● Source data
+---+

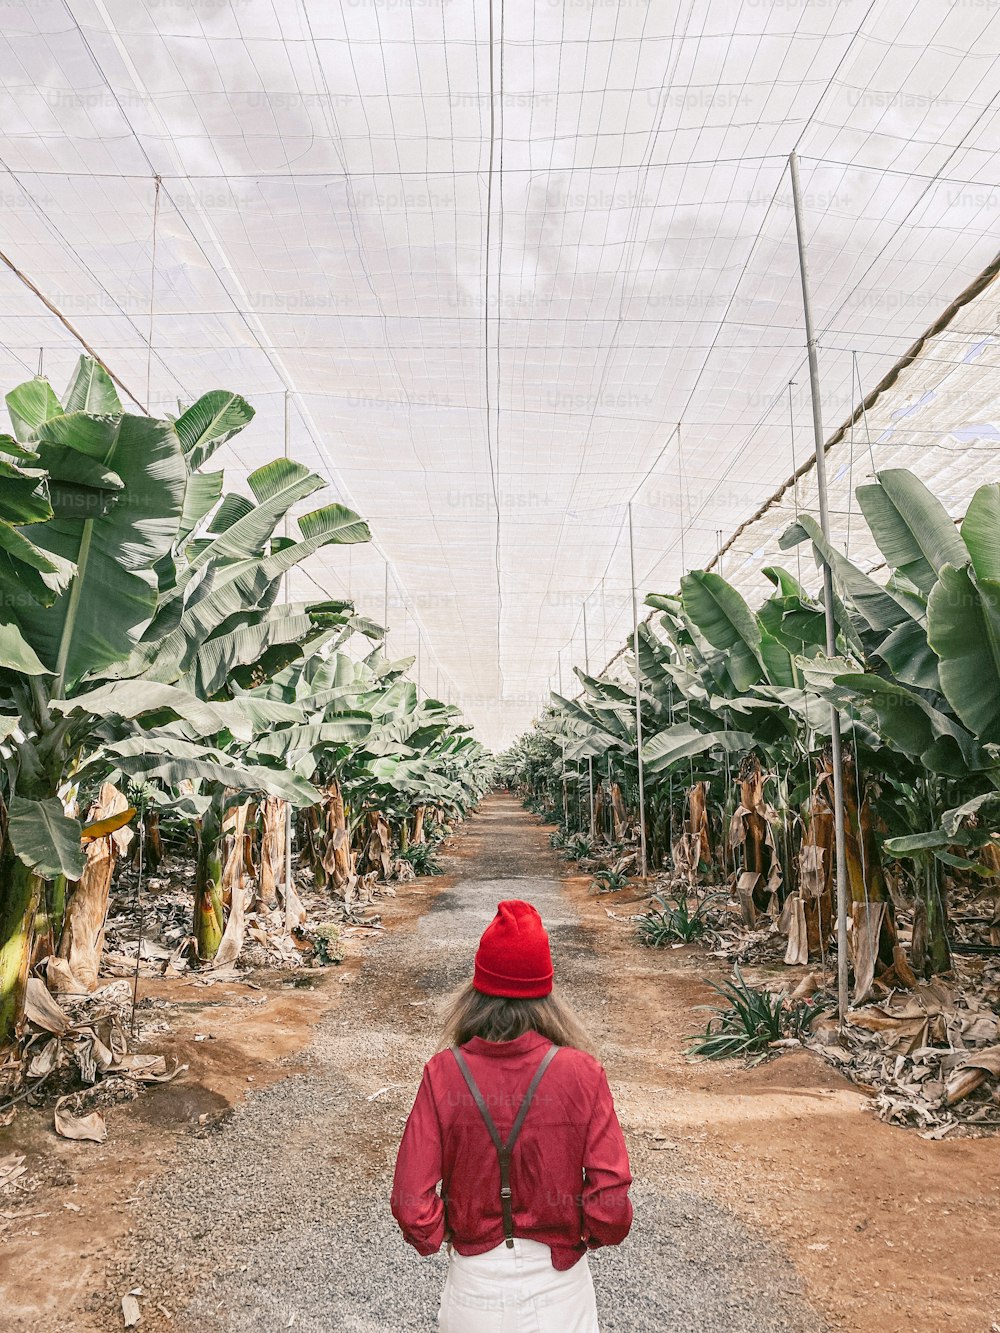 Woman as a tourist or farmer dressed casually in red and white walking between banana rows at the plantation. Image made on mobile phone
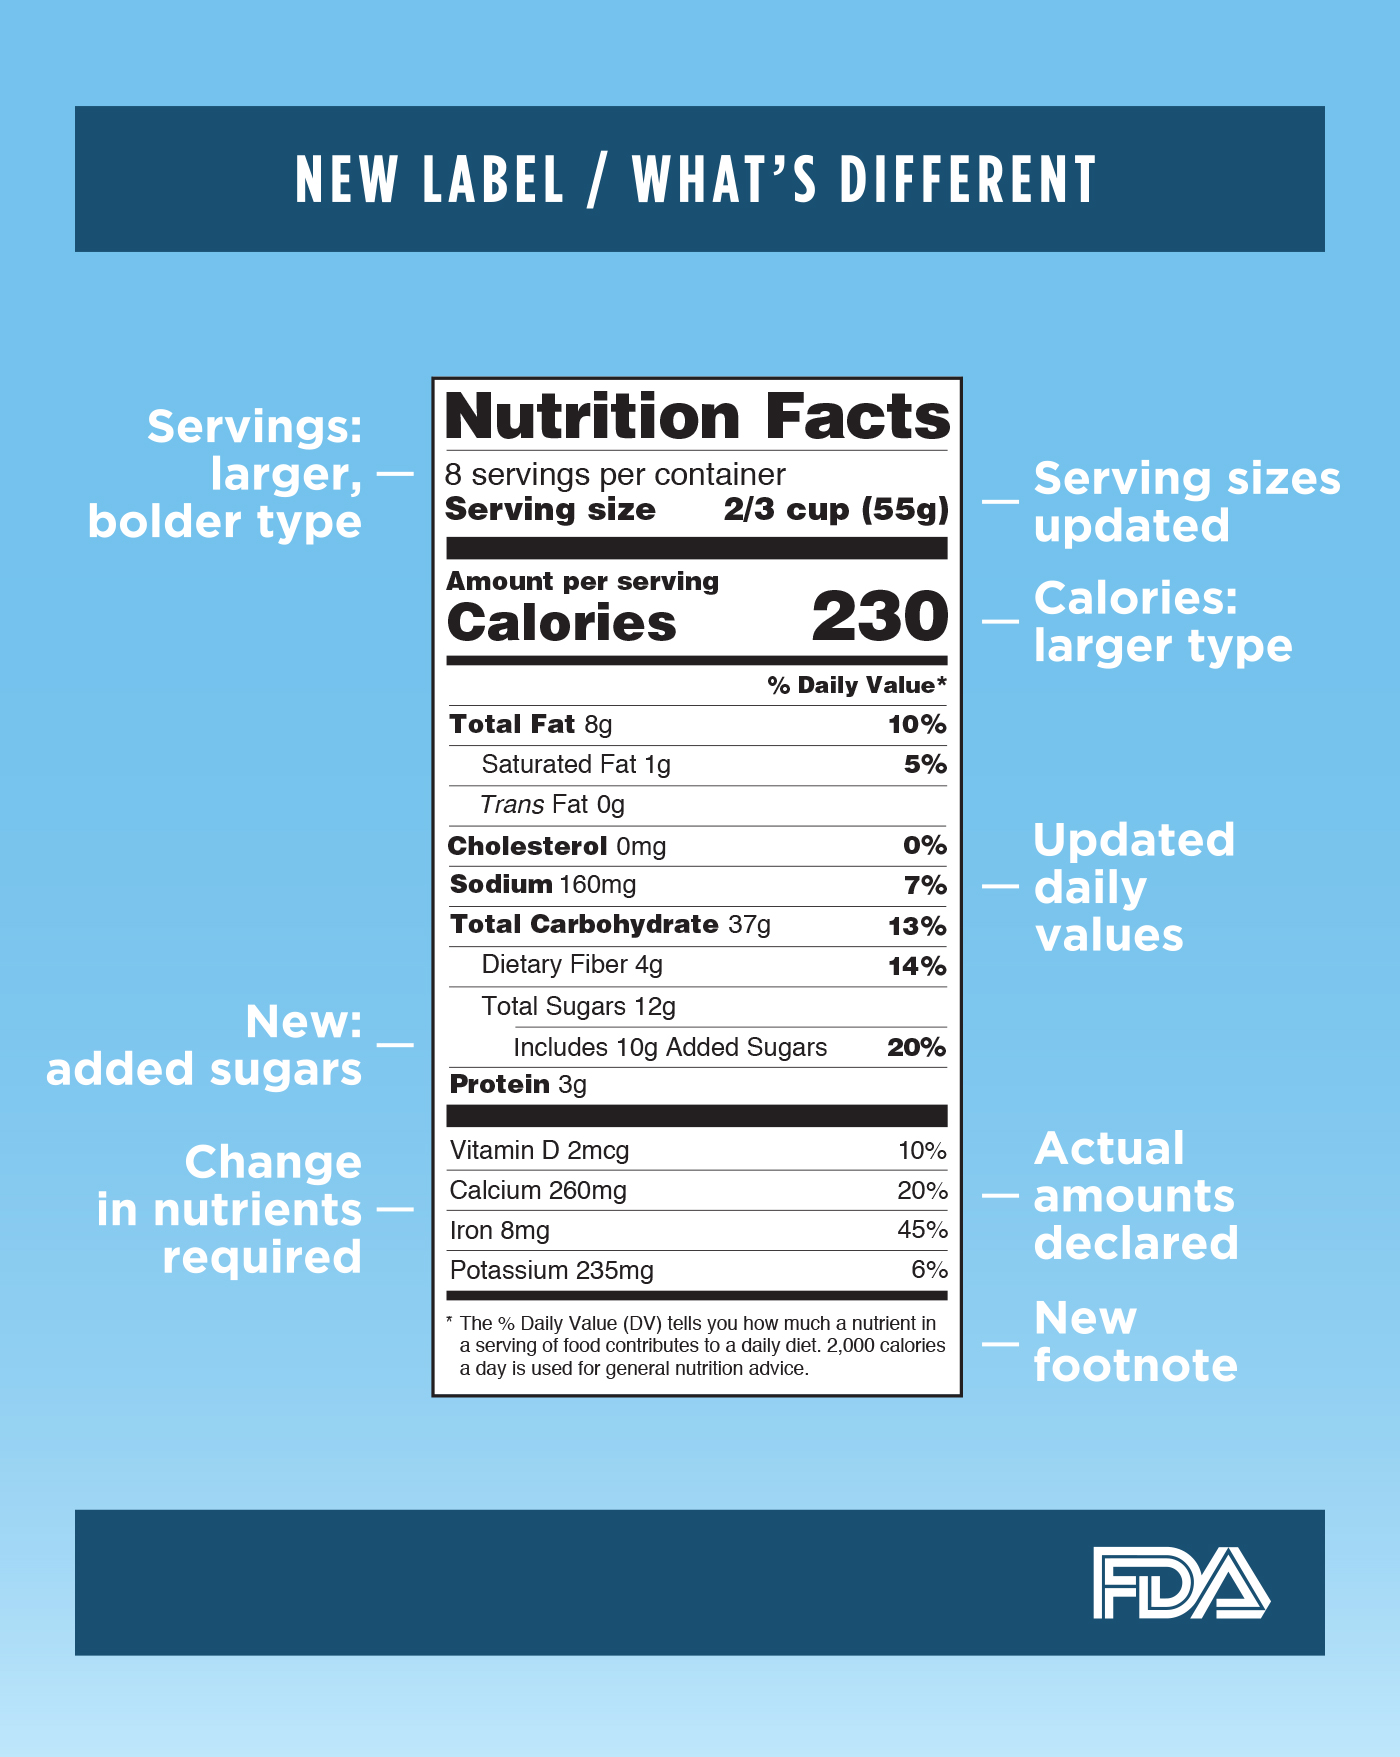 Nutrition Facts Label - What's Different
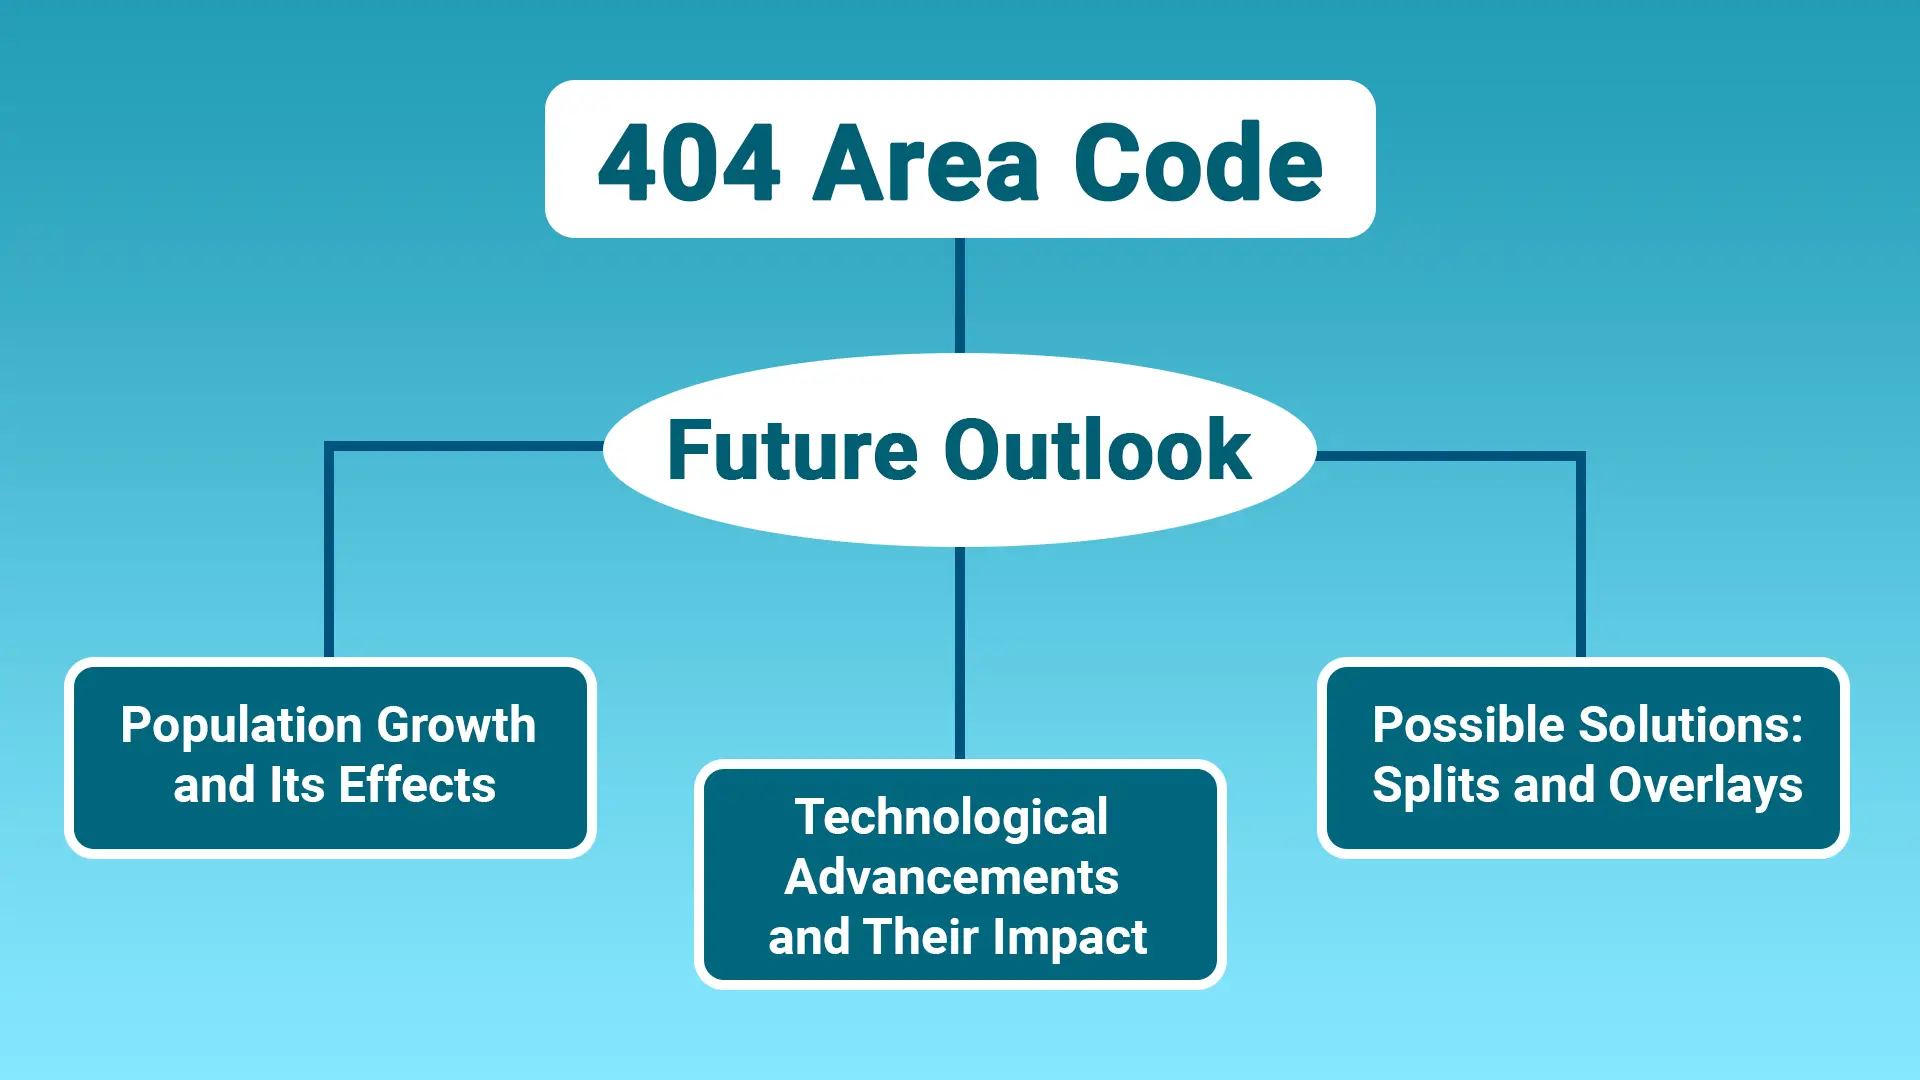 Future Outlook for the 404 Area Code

+---+

● Exercise description
Everything in the data except the pictures should be restated word for word.

● The answer
 Woman as a tourist or farmer dressed casually in red and white walking between banana rows at the plantation. Image made on mobile phone
 Nutrition Facts Label - What's Different
 Future Outlook for the 404 Area Code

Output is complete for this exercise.